In step P1, if the return address of the stack and the data of "work 1" do not match, it means that the call is made from a different position in the application program. 1 ”(P5), and the value of“ work 2 ”is initialized to 0 (P6). In the above description, the initialized state has been described. Then, after that, normal processing is performed without power saving.

The set value N for switching to the power save mode is important for performing an appropriate power save operation, but this set value N is a key scan of a routine that operates while checking the cancel (stop) key. It can be set appropriately by checking the maximum number of times. When the set value N for switching to the power save mode depends on the data processed by the application program, or
If it is very large, set the power save mode to 2 instead of turning it on and off, but set the CPU clock frequency to 1
The hardware may be changed to 0, and the clock frequency may be reduced stepwise according to the value of the "work 2".

The continuous key scan determining means for detecting the position (return address) of the application program when the application program calls the key scan routine is not limited to the method of the above embodiment.

[0016]

As described above, according to the present invention,
Since the return address of the application program that issued the key scan is the same, it is determined whether the key scan is continuously performed, and the power saving operation is performed based on the number of consecutive key scans. , Does not require modification of the application program,
Power saving processing can be realized on the system program side,
In addition, even if a large-scale application that does not operate on a battery is installed in a small-sized information processing device, the battery can last longer.
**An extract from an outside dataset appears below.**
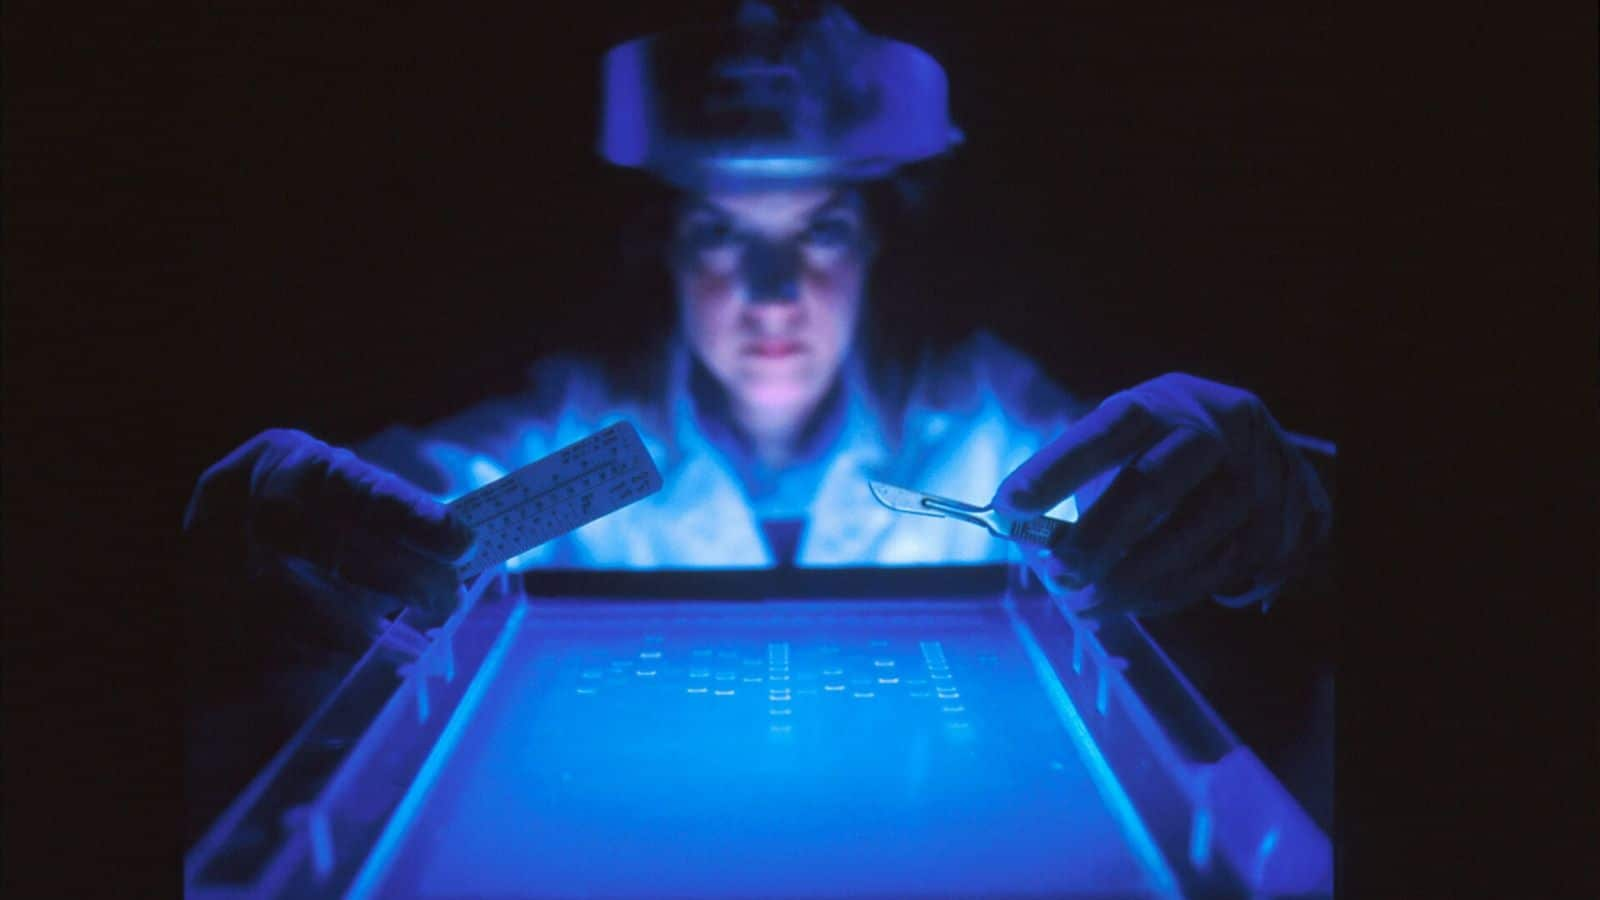 far-uvc lighting in labratory

Further, the configuration of the present invention using the return address is extremely simple, very easy to actually apply to a small-sized information processing apparatus, and has an advantage of high practical value.

[Brief description of drawings]

FIG. 1 is a block configuration diagram of a small-sized information processing apparatus showing an embodiment of the present invention.

2A and 2B are diagrams showing an image of a stack in which an address of an application program is stored, and FIG. 2A shows a case where the application program uses only a lower routine such as a keyboard BIOS. In the case of (b), the application program uses a higher-level routine such as an event manager, and the event manager calls the key BIOS.

FIG. 3 is a flowchart of a return address detection process in which the system program detects a return address of the application program when the application program calls a subroutine of the system program in the embodiment of the present invention.

FIG. 4 is a flowchart showing a process associated with a key scan routine in the system program of the small-sized information processing apparatus of the above embodiment.

[Explanation of symbols]

 1 Central Processing Unit (CPU) 2 Peripheral Equipment 3 Power Control Circuit 4 RAM 5 ROM

 ─────────────────────────────────────────────────── ─── Continued front page (72) Inventor Hiroshi Masuno 5-7-1 Shiba, Minato-ku, Tokyo Inside NEC Corporation (72) Toshiharu Ikeda 1-4-4 Jomi, Chuo-ku, Osaka-shi, Osaka No. 24 within NEC Home Electronics Co., Ltd.

Claims (1)

[Claims] 1. A storage device stores the return address of the application program when the application program calls a key scan routine, and the storage device stores the return address of the application program when the application program subsequently calls a subroutine. Continuous key scan determination means for determining whether or not the application program continuously calls the key scan routine by comparing the data of the above, and the continuous key scan based on the determination result of the continuous key scan determination means. The number of scan routine calls is counted, and when the counted number exceeds a set value, a power save instruction means for outputting a power save signal, and the power save signal is used to shift to a power save mode, and an external The information processing apparatus characterized by comprising a power control circuit to cancel the power-saving mode by an interrupt signal from Douea.